Furthermore, there’s very little art criticism worthy of the name. Theory destroyed stupid art by stupid artists but could not destroy the stupidities of “theory” itself and the use of language to obfuscate rather than illuminate. Sounding serious became more important than actually being serious.
Finally, the history of art since 1945 hasn’t been rewritten, as is now required. There is a refusal to utilize the necessary conceptual tools that are available — imagining art history as a braid rather than a ladder; picturing art as existing outside and/or above and beyond the art market, and likewise in regard to academia; the reconfiguration of the relationships between art and life; using the sociogram rather than the family tree to visualize stylistic and other relationships.
It is rare indeed that you come across an artist who both pleases and provokes, who makes you rethink some of your assumptions. His career trajectory doesn’t fit the mold, nor does his art. He has moved from object making to performance. In the past it has usually been the other way around, with artists cashing in on notoriety. Nor do his TASKS, “Actions”, or performances conform to academic standards. That’s why I like Herring’s work.
#1 Erroneous Presumption #1: Art is not about self-expression.

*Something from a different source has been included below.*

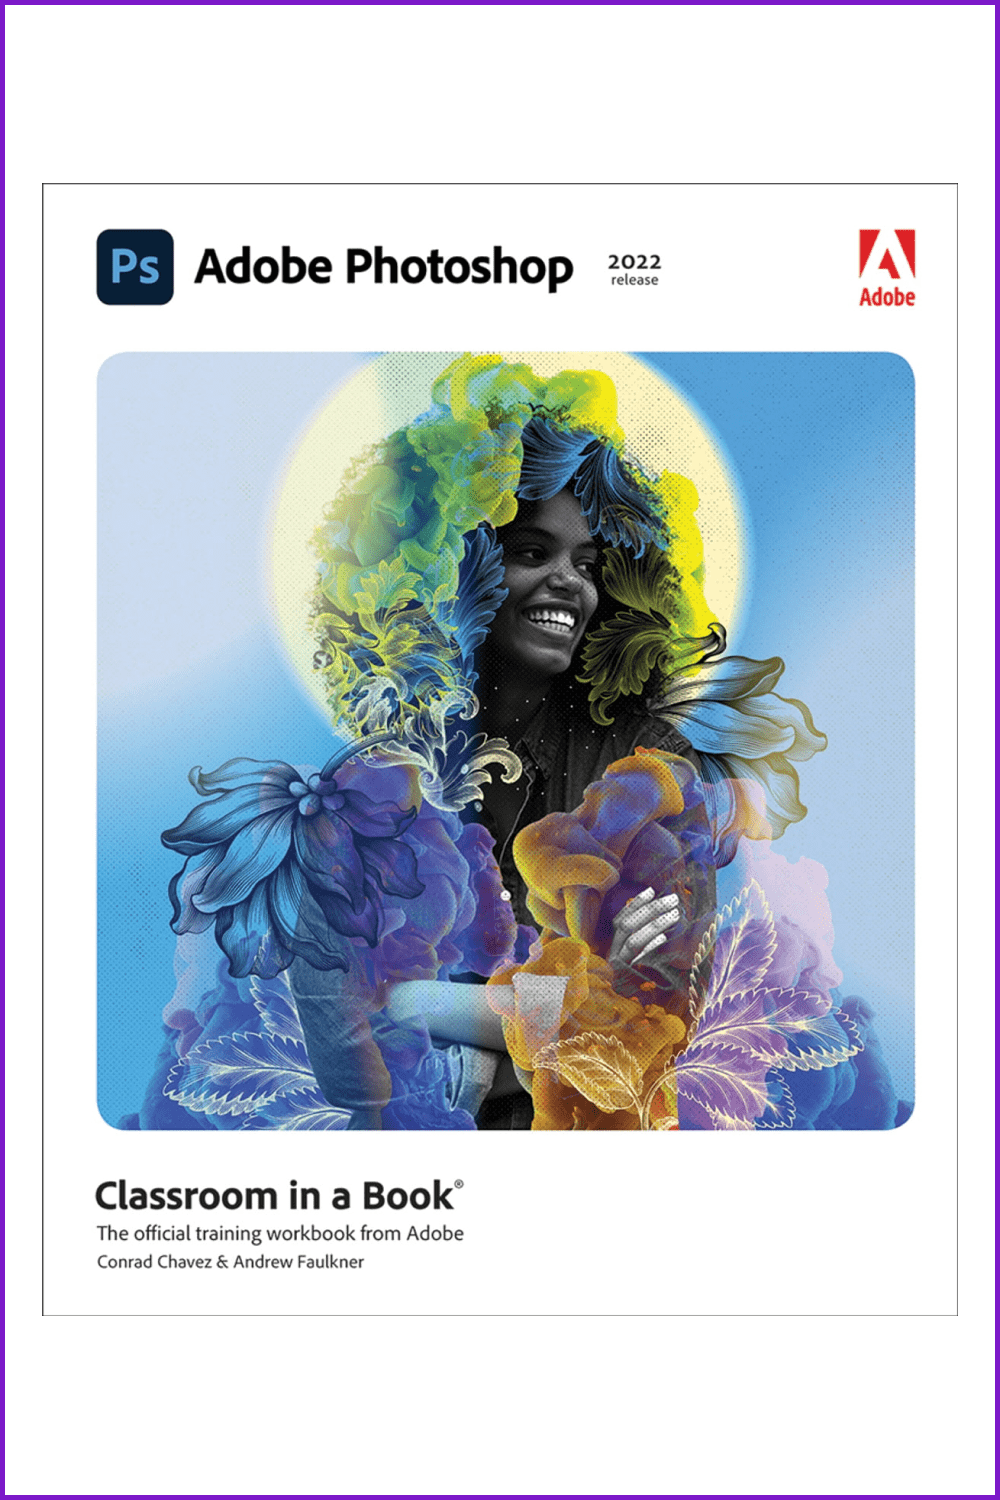 Adobe Photoshop Classroom in a Book (2022 release).

That strain — the Expressionist strain — had come to a frazzled end and went back into hiding, at last. We were not supposed to understand that Minimalism (say, of Judd, Flavin, LeWitt) did indeed express something: a lack of affect and affection and, contrary to whatever political beliefs these men had and even acted upon, a disengagement with the world. But, oh yes, sans the unavoidable Platonic reverences that clean geometry forces. There is safety in numbers; there is neutrality in geometry. Postminimalism used irregular forms to express the same retreat and, at the time, the required cool, turning another back on the art of the ’50s and the political and sociological uproar of the ’60s. And self-expression? Too much like art therapy! Excuse me; the world needs all the therapy it can get. I am not sure that art alone will make you whole, but it probably does a better job at this than psychotherapy.
Herring sees himself, in part, as offering platforms for self-expression. How totally uncool. Hoorah. In Philadelphia he garnered over 400 volunteers for a TASK event.
Even for his gallery “actions” at Meulensteen he only used volunteers and — here’s the kicker — they keep coming back for more, which for him is proof enough that he is on the right track. Everyone craves self-expression; everyone wants to leave a legacy. And this is the Warholian aspect: everyone is a star, everyone is immortal.
And Herrings own self-expression? The carpal-tunnel inducing exercises in obsessive knitting were a personal response to the AIDS crisis.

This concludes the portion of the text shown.